“O Combate Civilizacional
pelos Livros e pela Leitura” – por José Pacheco Pereira, in Jornal Público, 3 de Março de 2018
O problema é
o mito perigoso de que a “leitura”, mesmo numa forma diferente, está a emigrar
de um meio para outro, porque não está.
“Estas últimas semanas passei pelos restos de um mundo que foi o
meu, mas que está a acabar. A Livraria Leitura no Porto acabou.
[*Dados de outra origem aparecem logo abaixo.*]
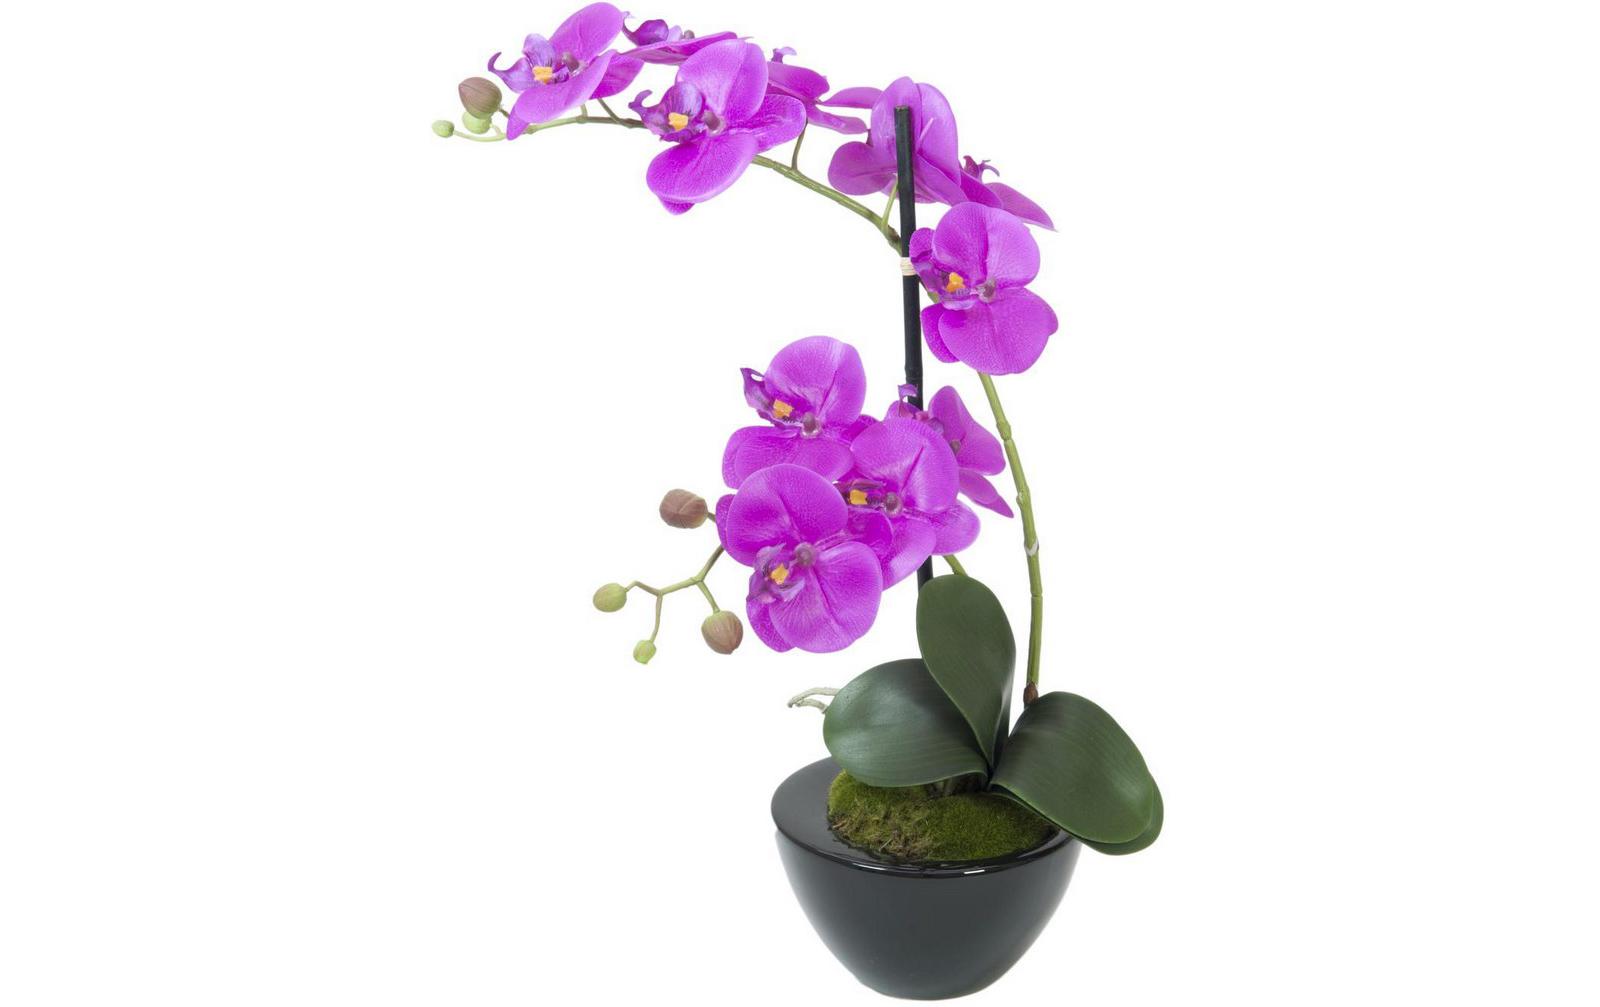 europalms-orchideen-arrangement-4-kunststoffpflanze

Era seu
frequentador desde os tempos em que era Divulgação e tinha a loja da esquina da
Rua de Ceuta e a outra que depois foi dos Livros do Brasil e o seu livreiro era
Fernando Fernandes, juntamente com o editor José Carvalho Branco. Não era
difícil perceber, nos últimos anos, a sua agonia para quem, como eu, já viu
muitas livrarias moribundas. O stock começa a não ser renovado, as
estantes têm quase sempre os mesmos livros, as novidades começam a ser sempre
as mesmas de todas as livrarias, até que começam também a desaparecer. Não há
dinheiro para diversificar as encomendas ou as compras e isso na Leitura era
uma ruptura com a prática de Fernando Fernandes de encomendar sempre dois
exemplares dos livros que os professores da Universidade do Porto mandavam vir,
um para eles e outro para a livraria. Deixou há muitos anos de haver a Galeria
de Arte. Pouco a pouco fechou a secção de livros artísticos, desapareceram
muitos livros estrangeiros e sobravam os chamados “monos”, mesmo assim aqueles
em que ainda ia descobrindo livros para comprar. Havia uns restos de filosofia,
alguns livros de história, e para os professores uma boa secção de pedagogia.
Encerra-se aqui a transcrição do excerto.